Opinion
February 15, 1980
Fenton Young for petitioners.
Robert Abrams, Attorney-General (Lawrence L. Doolittle of counsel), for respondent.
These are 18 petitions in the nature of CPLR article 78 proceedings which seek to review the determinations of the respondent, by which determinations respondent refused to transfer and appoint petitioners to the Division of the State Police, on the ground that such determinations were arbitrary, capricious and an abuse of discretion, and on the further ground that petitioners were denied due process of law. This court will consider all of these petitions in one opinion.
Petitioners are all members of the Long Island State Parkway Police or the Niagara State Parkway Police, and each is an organization governed by the provisions of section 1 of chapter 276 of the Laws of 1979. Pursuant to said statute, the functions of the Long Island State Parkway Police and the Niagara State Parkway Police were transferred to the Division of State Police and the Superintendent thereof. Section 2 of said statute provided that: "[A]ll such employees who meet such standards and qualifications as may be established by the superintendent of state police and who shall not have attained the age of fifty-five on or before December thirty-first nineteen hundred seventy-eight, and who make application not later than ninety days following the date upon which this act shall become law, shall be transferred to and appointed members of the division of state police on the effective date of the transfer of functions."
Petitioners, pursuant to the statute, applied and were interviewed by representatives of the State Police and an investigation was conducted for the purpose of determining whether petitioners met the standards and qualifications to become members of the State Police.
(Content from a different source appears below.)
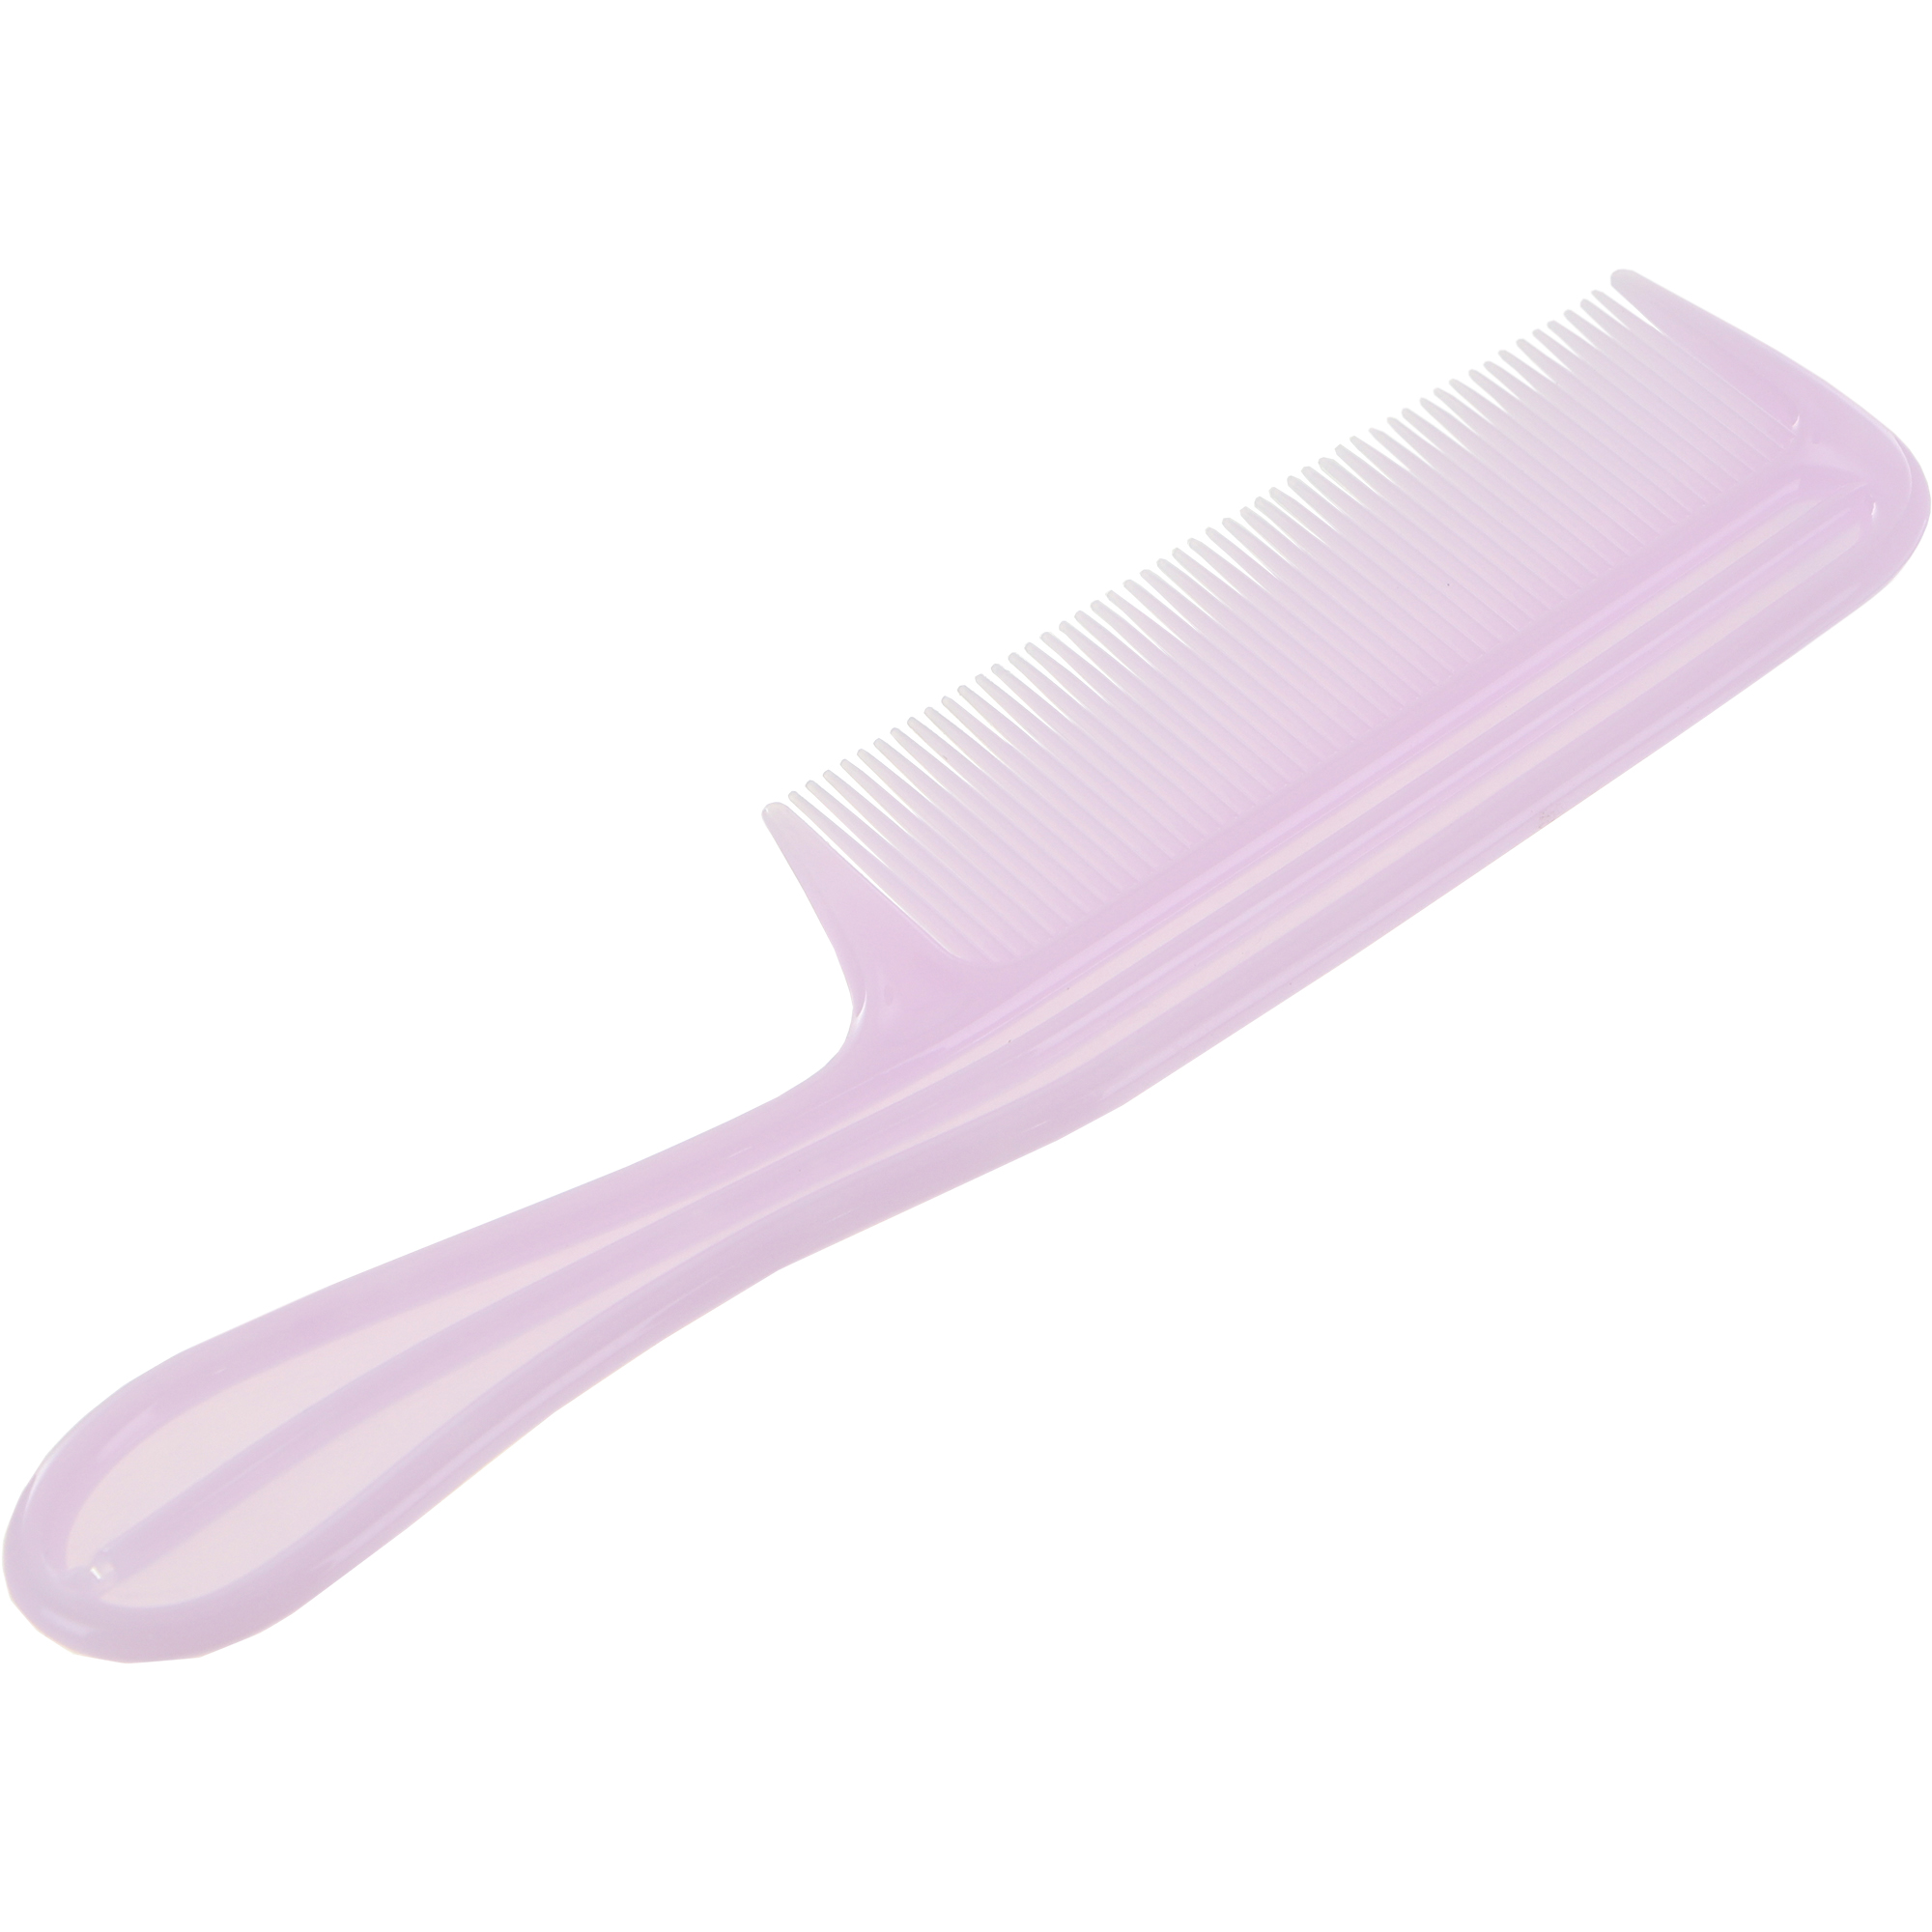 Расческа Nice View пластиковая антистатическая с длинными зубьями L-19,8 двусторонняя щётка расческа с волнистыми зубьями средняя 6 х 19 см розовая

On December 24, 1979, petitioners received letters from the Division of State Police notifying them that the Superintendent had determined that they did not meet the eligibility requirements for members of the Division of State Police and, therefore, no appointment could be made in their cases.
Respondent met with each of the petitioners, except petitioner Bivona, on December 31, 1979 and explained why their applications were not being accepted and cited section 2 of the statute as aforesaid.
Petitioners contend that the respondent's refusal to appoint them as members of the Division of State Police has deprived them of their property without due process of law, and further, that respondent's determinations that petitioners failed to meet standards and qualifications relating to good moral character and physical standards were arbitrary and capricious.
This court cannot agree with the contentions of the petitioners. The petitioners do not have a vested property right to be appointed to the Division of State Police. They will, pursuant to the statute, remain employed by their present employer without diminution in wages or benefits. Further, respondent submitted an affidavit which sets forth that specific reasons were given each of the petitioners in personal interviews by officials of the Division of State Police and that the Superintendent of State Police has carefully reviewed the qualifications and merits of each individual petitioner and, in the exercise of discretion, has determined not to grant petitioners' applications.
The Appellate Division, Third Department, in Matter of Shedlock v Connelie ( 66 A.D.2d 433, 434-435, affd 48 N.Y.2d 943) recently stated: "Thus, the superintendent had the power and authority to determine, as a matter of discretion, the `fitness and good moral character' of the petitioner as a qualification of such appointment. The exercise of this discretion, as long as it is rational, it not prohibited by the constitutional provisions relating to civil service".
In this court's opinion, these determinations rest upon a rational basis and will not be disturbed by this court. The petitions are therefore denied.